> _DATA BELOW_:
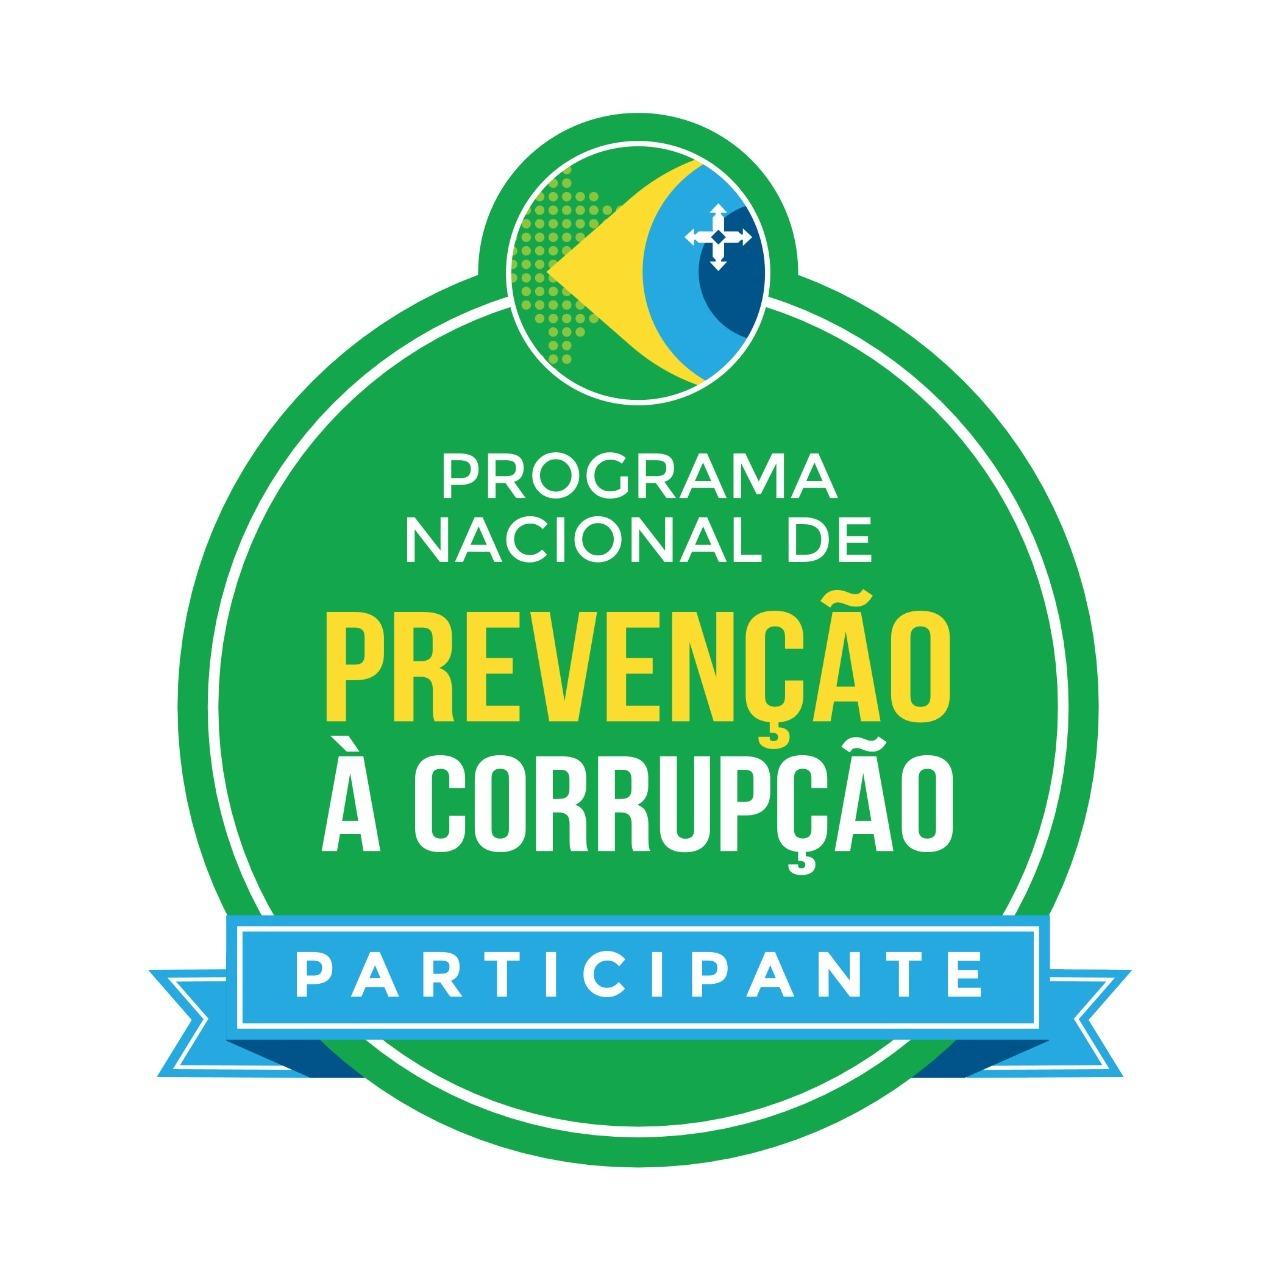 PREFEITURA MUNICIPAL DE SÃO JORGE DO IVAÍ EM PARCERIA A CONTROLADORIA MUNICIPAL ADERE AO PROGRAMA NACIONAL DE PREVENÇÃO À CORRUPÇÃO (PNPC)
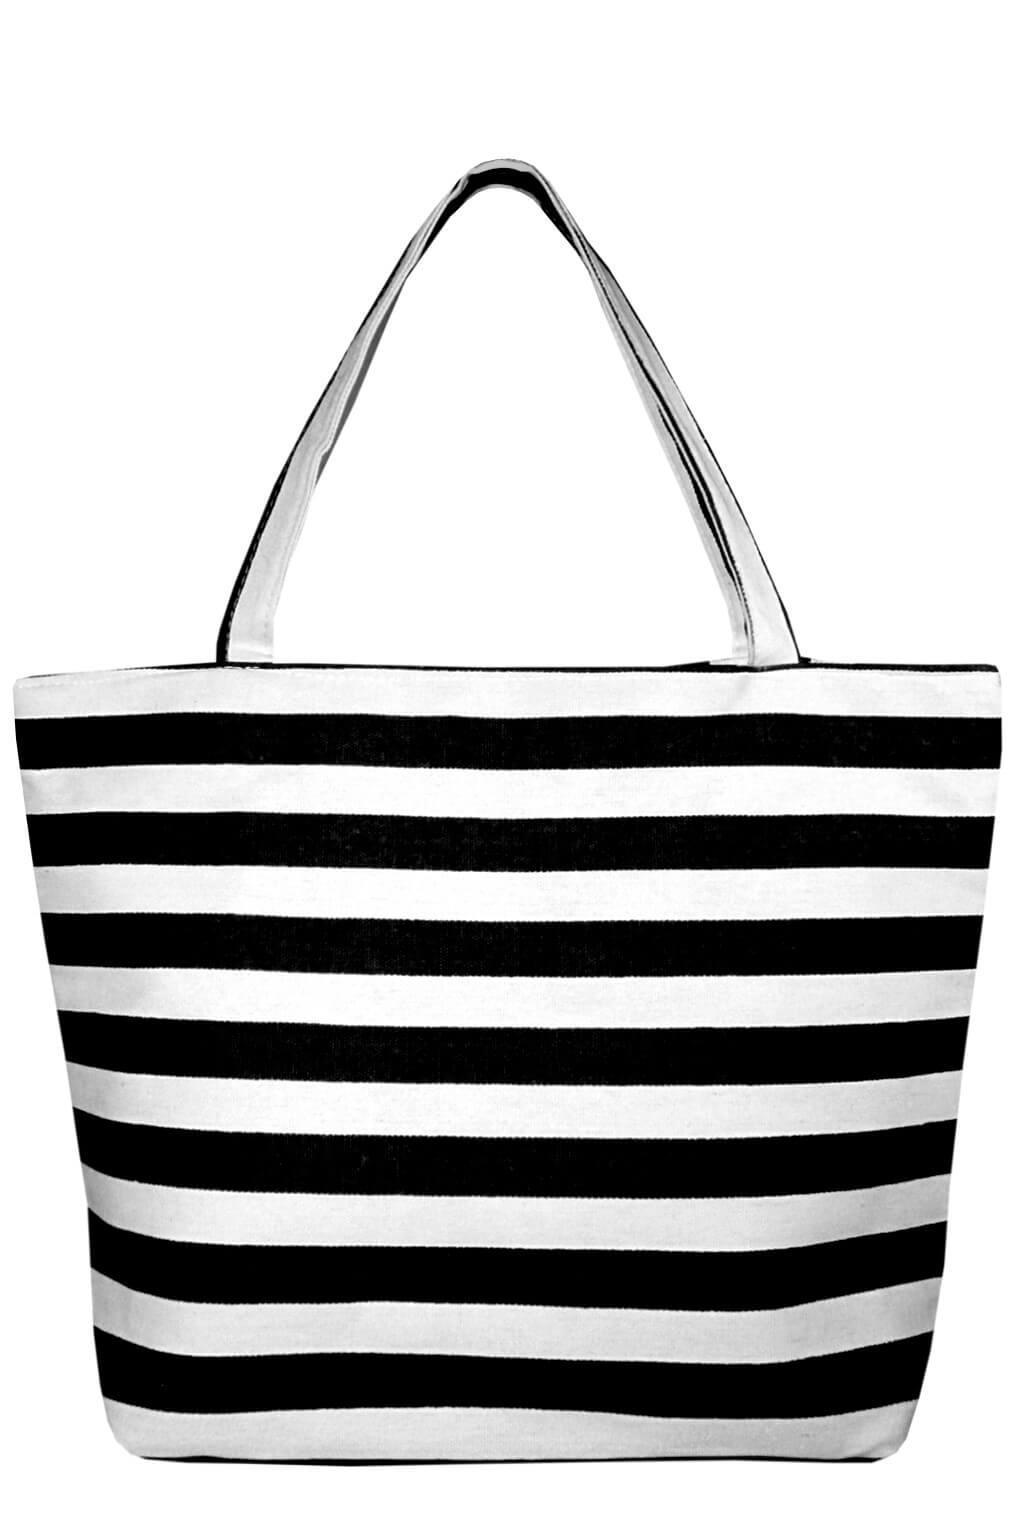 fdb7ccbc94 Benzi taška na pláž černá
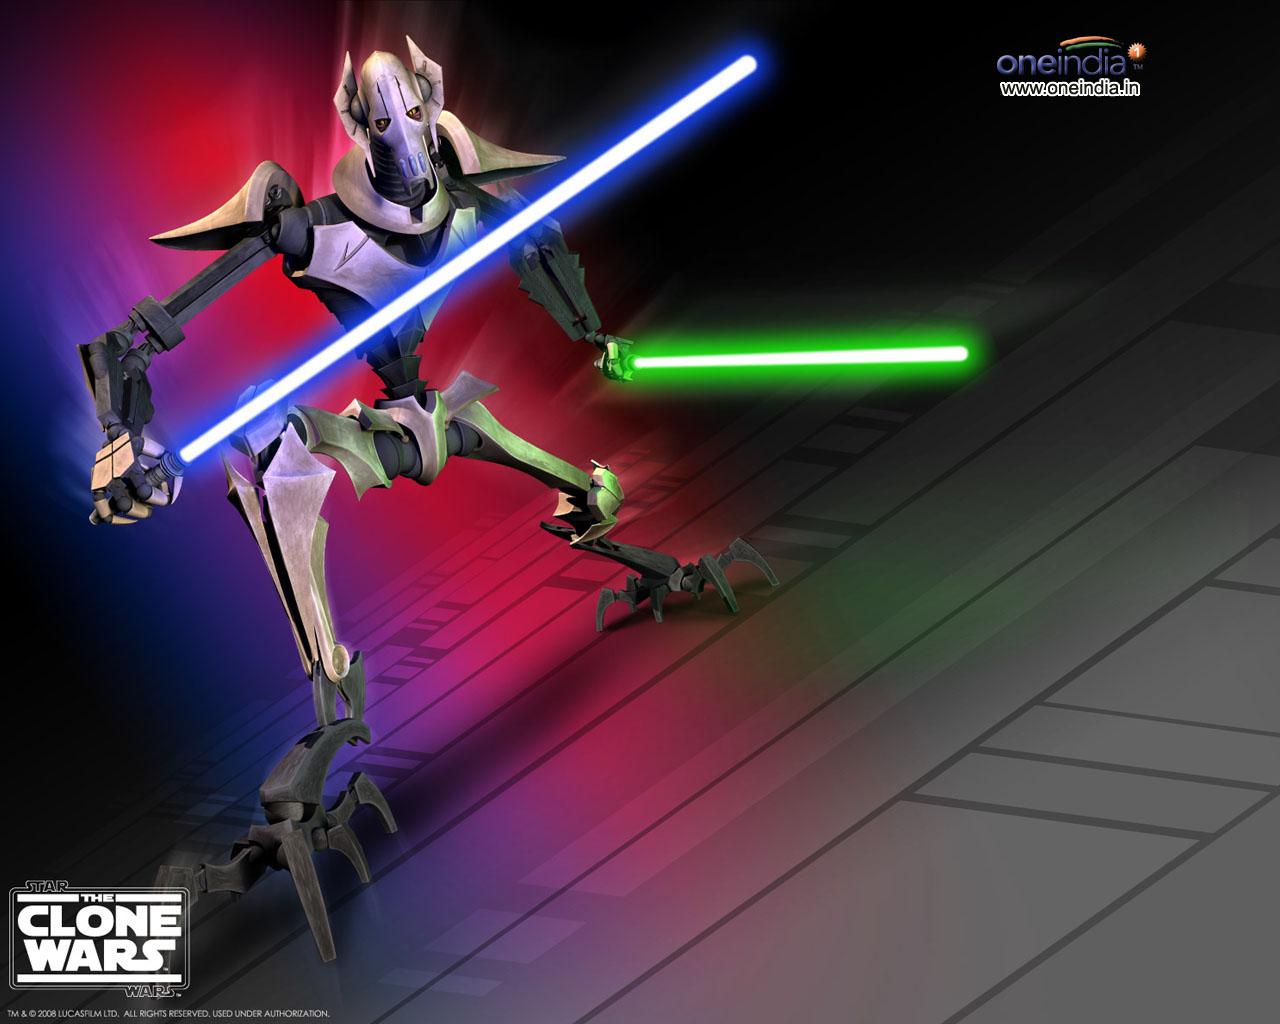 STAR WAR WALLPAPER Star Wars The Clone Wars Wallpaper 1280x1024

> _WHAT THE TASK REQUIRES_:
In your copy, leave out the pictures and reproduce the material above exactly.

> _SOLUTION TO THIS TASK_:
 PREFEITURA MUNICIPAL DE SÃO JORGE DO IVAÍ EM PARCERIA A CONTROLADORIA MUNICIPAL ADERE AO PROGRAMA NACIONAL DE PREVENÇÃO À CORRUPÇÃO (PNPC)
 fdb7ccbc94 Benzi taška na pláž černá
 STAR WAR WALLPAPER Star Wars The Clone Wars Wallpaper 1280x1024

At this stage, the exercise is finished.